Chromebook Reviews

Hands on: What a $149 Chromebook is actually like to use

How good of a Chrome OS experience can $149 really get you? Time to find out.

Hisense Chromebook

How much would you pay for a Chromebook?

If you're more of a power user (and let's face it, if you're reading this, there's a decent chance that you are), you might be willing to pay a little extra in order to get a nicer and/or more powerful system. If cost is a concern, though -- or if you're looking at buying Chromebooks for kids or even in bulk for schools -- the prospect of an entry-level laptop at $149 might be just the ticket.

Even if you're not in the market for such a system, it's interesting to see what kind of Chrome OS experience $149 can buy.

That's why I decided to take a little time to check out one of the two new $149 Chromebooks Google just started promoting. Well, that's part of the reason, at least. The other part is that these low-cost systems have identical internals to a neat-looking convertible touchscreen Chromebook coming out later this year -- the $249 Asus Chromebook Flip -- and I wanted to get an early idea of what kind of performance we could expect from that device.

The $149 Chromebooks are made by Haier and Hisense, two companies you've probably never heard of until now (it's okay -- I hadn't, either). They're being sold exclusively at Walmart and Amazon, respectively, and they're pretty similar -- the same basic specs, though the Haier model is a bit smaller and lighter and promises 10 hours of battery life compared to the Hisense's 8.5. The Hisense, meanwhile, has some extra design flourishes like an actual metal wrist-rest alongside its keyboard.

I've been using the Hisense -- and in the simplest possible terms, it's okay. It's serviceable but not spectacular. But let's remember that it's also a $149 computer. When you consider it within those parameters, things take on a very different color.

Hisense Chromebook Exterior

In terms of materials and build quality, the Hisense Chromebook isn't terribly far removed from entry-level systems by the likes of Samsung, Acer, and Asus. It's plastic, though actually less flimsy-feeling than what I've seen on many of the more expensive lower-end models. The metal wrist-rest also provides a welcome touch of class and makes the laptop seem extra sturdy.

The 11.6-in.
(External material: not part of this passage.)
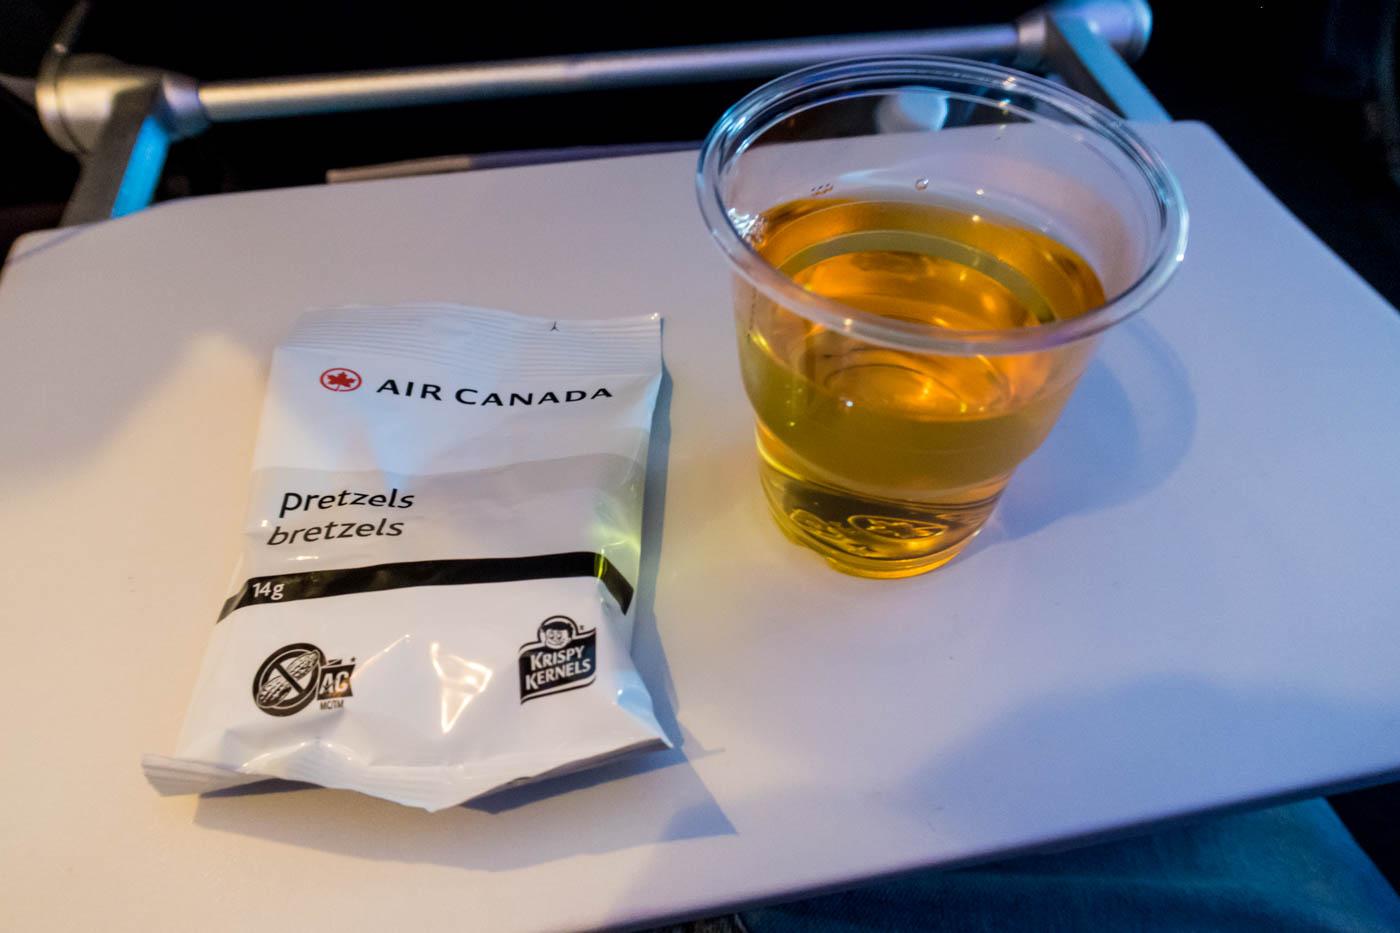 Air Canada Pretzels
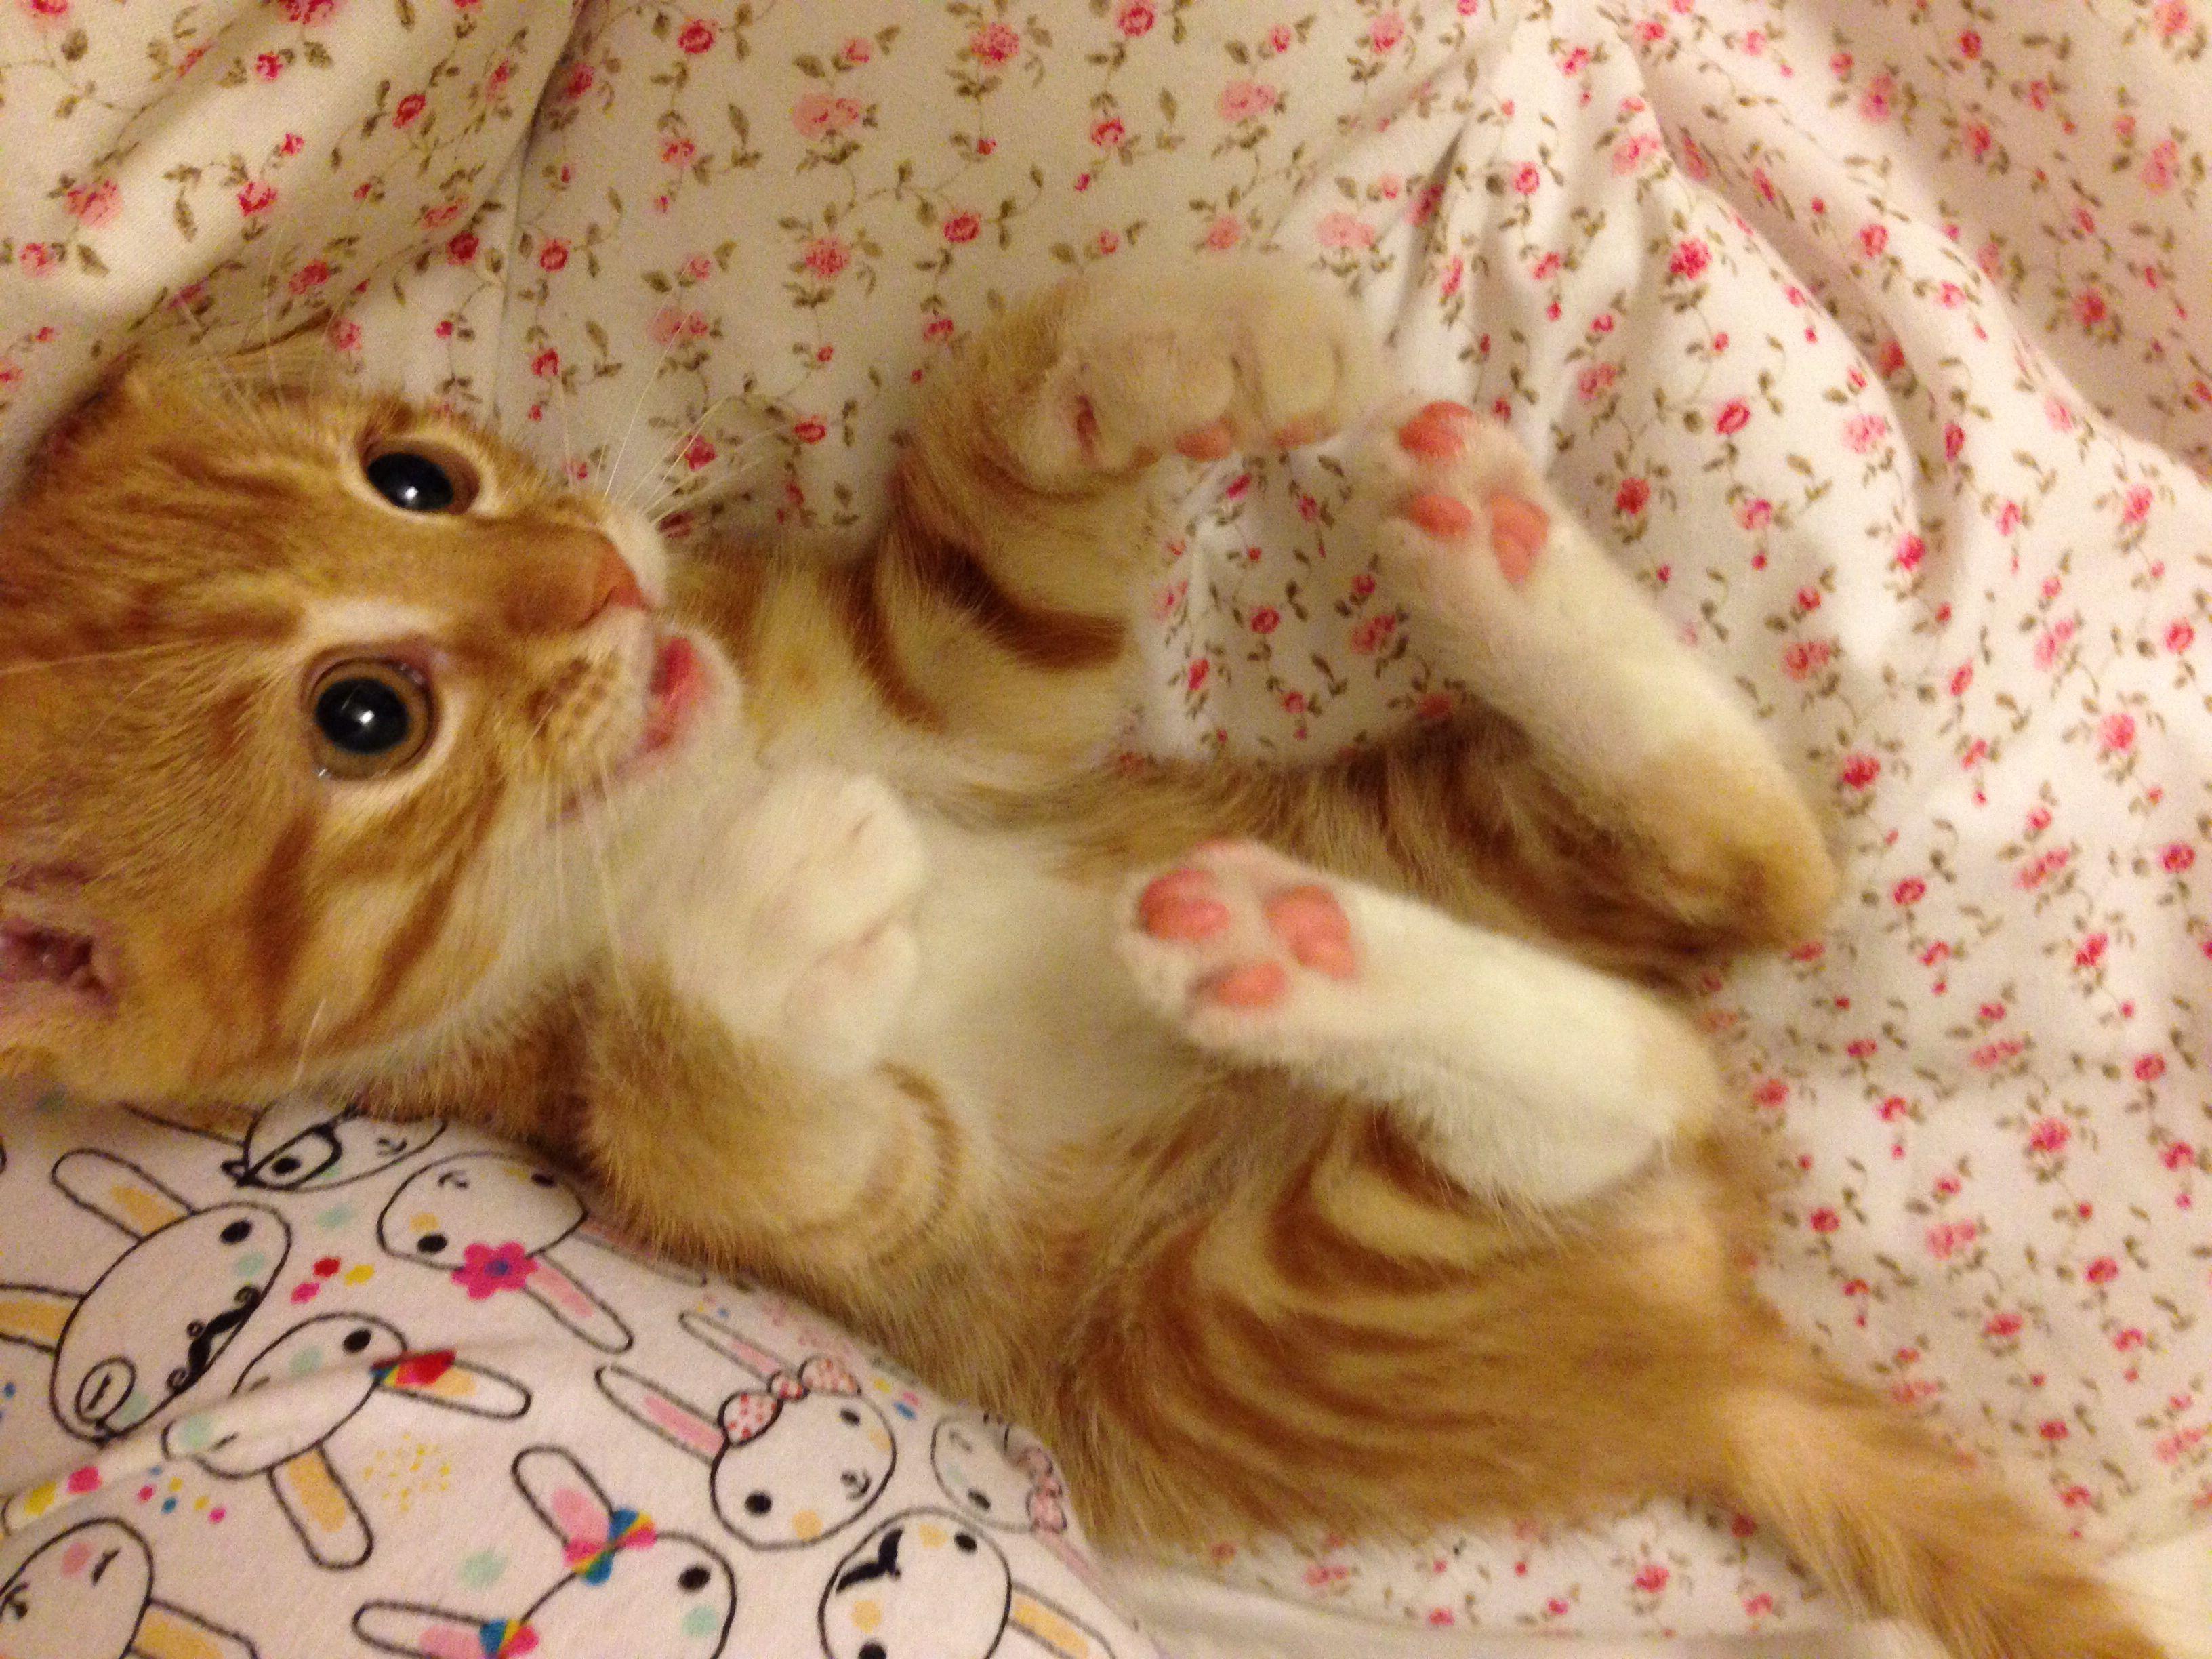 Playful ginger kitten Cats and kittens, Kittens, Cute

TN display is pretty standard fare for this class of Chromebook, meanwhile -- grainy and washed out, not great viewing angles, but good enough for basic browsing and document work. And the keyboard's similarly okay -- the typical Chrome OS layout and chiclet-style keys, though on the cheaper end of the spectrum in terms of quality (and also a bit cramped, due to the device's size).

Hisense Chromebook Keyboard

My only real complaint is that when I'm typing, the system periodically loses letters -- so if I type "hello," it might come out as "hllo," for instance. That's obviously a serious problem. Or a srius problm, as the Hisense Chromebook might put it. I'm not sure if it's a quality issue with the keyboard itself or something related to performance and the computer not being able to keep up (if I slow my typing down to a peck-like pace, things work consistently fine) -- but either way, it's not good.

Speaking of performance, the Hisense Chromebook runs on a Rockchip 3288 ARM processor (yes, that's an actual thing) along with 2GB of RAM. As I mentioned, that's the same setup that'll be in Asus's upcoming Chromebook Flip, though that device will also come in an optional 4GB RAM configuration.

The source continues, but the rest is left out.